When you walk into Dan Gill’s classroom at Glenfield High School in Montclair, New Jersey, you’ll likely notice the empty seat in the center.

Courtesy Dan Gill

It is not a time out chair or a chair for an administrator to come and observe the class. The empty chair is a reminder. A reminder to Gill and a reminder to the students.

“Every year I teach lessons around Martin Luther King Jr.’s birthday about the civil rights movement,” Gill told TODAY Parents. “I wanted to connect students in a personal way with what that meant.”

When Gill was nine years old, he said, he and his best friend Archie went to a birthday party at Gill’s apartment building in New York City. Presents in hand, the two boys, Gill, white, and Archie, black, rang the bell. The mother of the birthday boy looked at Archie and said there were no more chairs. Confused, Gill offered to sit on the floor or get more chairs. The woman repeated that there were no more chairs. Finally, Gill realized that Archie was not welcome because he was black.
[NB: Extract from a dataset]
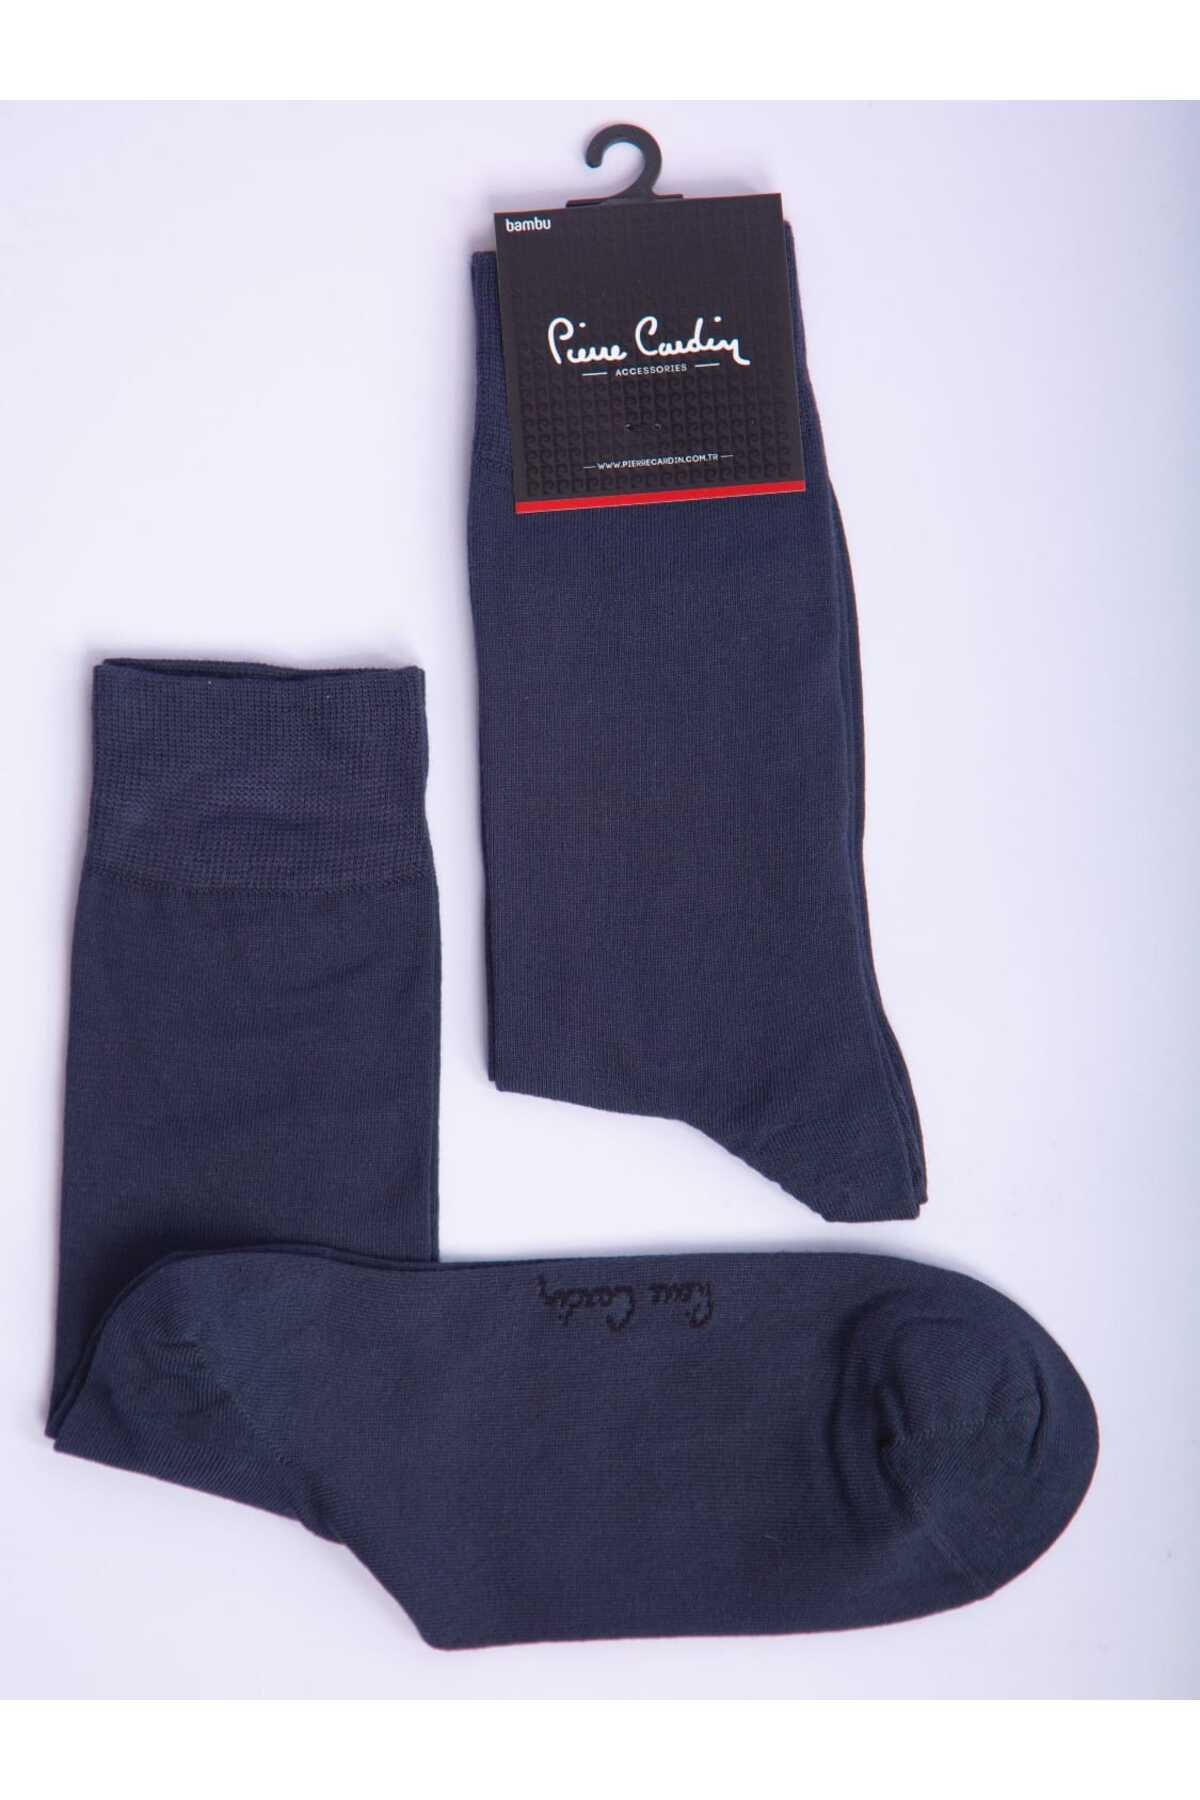 Pierre Cardin Modal Antrasit 6’lı Erken Uzun Soket Çorap Flat-900

The boys left, both crying.

It is a day that has stayed with Gill for more than 60 years.

“We need to be an opportunity class,” Gill told TODAY. “Archie was denied the opportunity to go to the birthday party due to a prejudice the woman had.”

Gill said he didn’t know it at the time, but the Archie experience and the birthday party “got me where I am today.”

The teacher for more than 50 years was instrumental in the integration of Montclair Public Schools. He moved to Montclair from New York City as a new teacher and worked to transform Glenfield Middle School, where he teaches today, into a magnet school for the arts. The school became a model for desegregation of other schools.

But there is always more work to do.

“Children work well with symbols,” Gill said. “It’s a reminder that they can do better, better academically, socially and emotionally, but also to make people feel welcome and make this a better place to live.”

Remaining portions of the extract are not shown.